Hi, Can you post a diagram of your system please, so we can see the angles and distances.

Thanks.. Tom... :)

Attached is a diagram, measurements given are arbitrary (for the purpose of the diagram).
Inclinometer and ultrasonic transducer are both attached at the hammer pivot point, the inclinometer is rigidly attached so pendulum rotates the potentiometer and the ultrasonic transducer is mounted in a bearing with a counterweight to keep it pointed at 0 degrees to the wall surface.

Hi, What model Arduino are you using? Mega? What analog input are you using ? A0 , A1 A2? Change this

int potPin = 4;    // the input pin for the potentiometer

to

int potPin = A0;    // the input pin for the potentiometer

Or what ever your analog input is. The compiler will let you do it. Tom... :)

In response to JRemington's advice, I did add some code to prevent reading angles greater than 89 degrees. This prevents out of range issues but has not solved my primary problem... the lookup tables aren't matching up with the input angle.

You have two different readings for angle with different denominators.

angle = analogRead(potPin) / 6.0; 
angle = analogRead(potPin) / 5.0;

Serial.println(angle) is taken from the reading with 5 as the denominator, and I think that the secant = z value is taken from the reading with 6 as the denominator.

Hi,
Why are you reading the angle pot in two different parts of the code?

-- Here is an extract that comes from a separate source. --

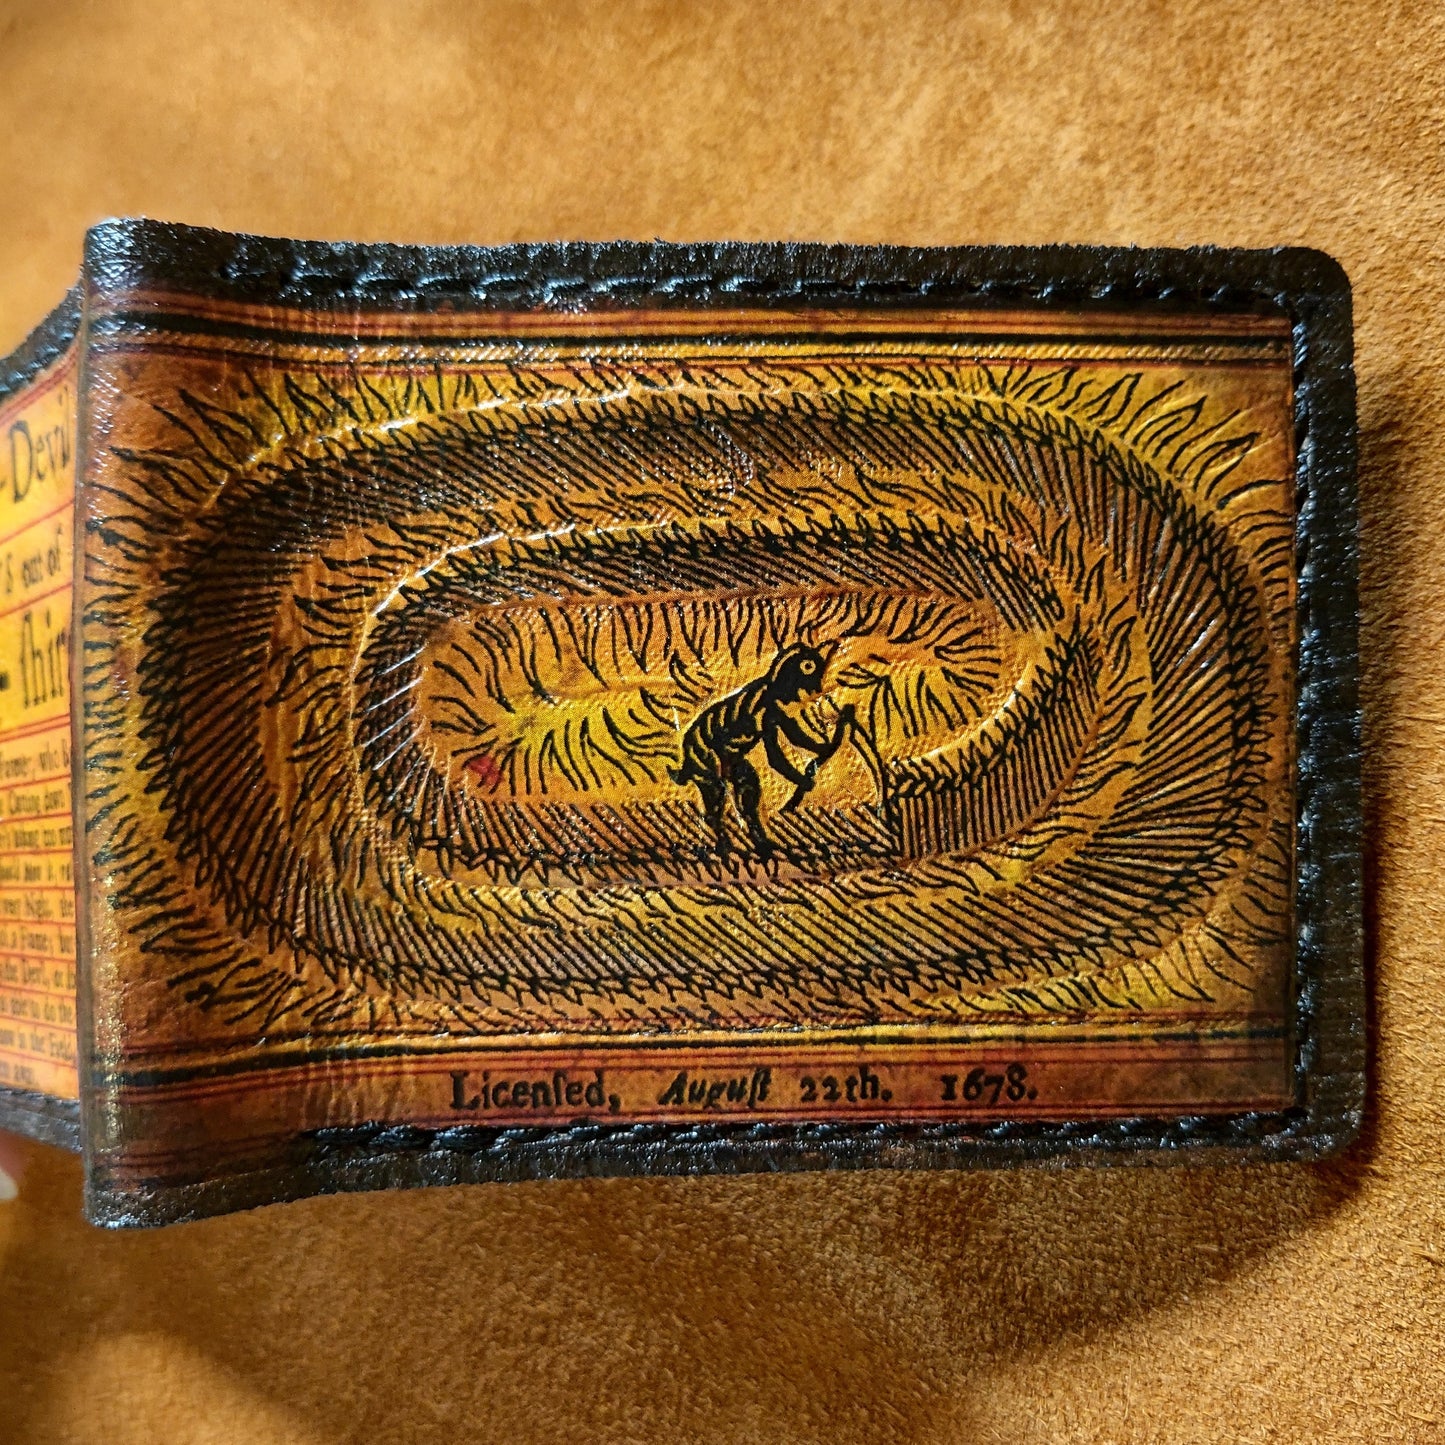 Mowing Devil - Crop Circle - leather wallet- Dark Brown and ivory colour - Leather Bifold Wallet - Handcrafted

Read the pot ONCE at the START of the loop.
Calculate ALL your COS, SIN and SECANT IMMEDIATELY after that.

Then use those figures for the rest of the code.

I ran your code with extra serial prints and got the offset you had, until I commented out the second set of pot inputs.

Do all your cals in one at the start.

  anglePot = analogRead(potPin);
  angle = anglePot / 6.0;
  x = outC[angle];
  y = outS[angle];
  z = outSEC[angle];
  cosine = x;
  sine = y;
  secant = z;
  steelContact = analogRead(groundPin);

Hope it helps… Tom… :slight_smile:

In reply to TomGeorge, I am using a Mega2560. I also changed the code for the potentiometer pin from "4" to "A4", no change...

In response to Cattledog and Tom George, that solved it, thanks.

This should teach me a valuable lesson in cleaning up my code as I add or change things.

Thanks again to all who responded, this is the first time I asked for help with Arduino code and the response surprised me.

At a guess, you are not correctly turning the reading from your analog input into an angle.

For more accuracy and less hassle, initialise your lookup table in your setup() using the math functions that come with the arduino. This does mean that some program memory will be consumed by the math functions, but meh. If memory is really tight, then yes you will want to precompute this and put it in progmem instead.

Index your array not by a value in degrees, but by what the reading from your analogIn will be. If you don’t want your array to be 2k long (1024 * sizeof(float)), then index your array by what your analog input will be divided by 4, or 8, or some other power of 2. Using a power of 2 means there is less integer division aliasing going on.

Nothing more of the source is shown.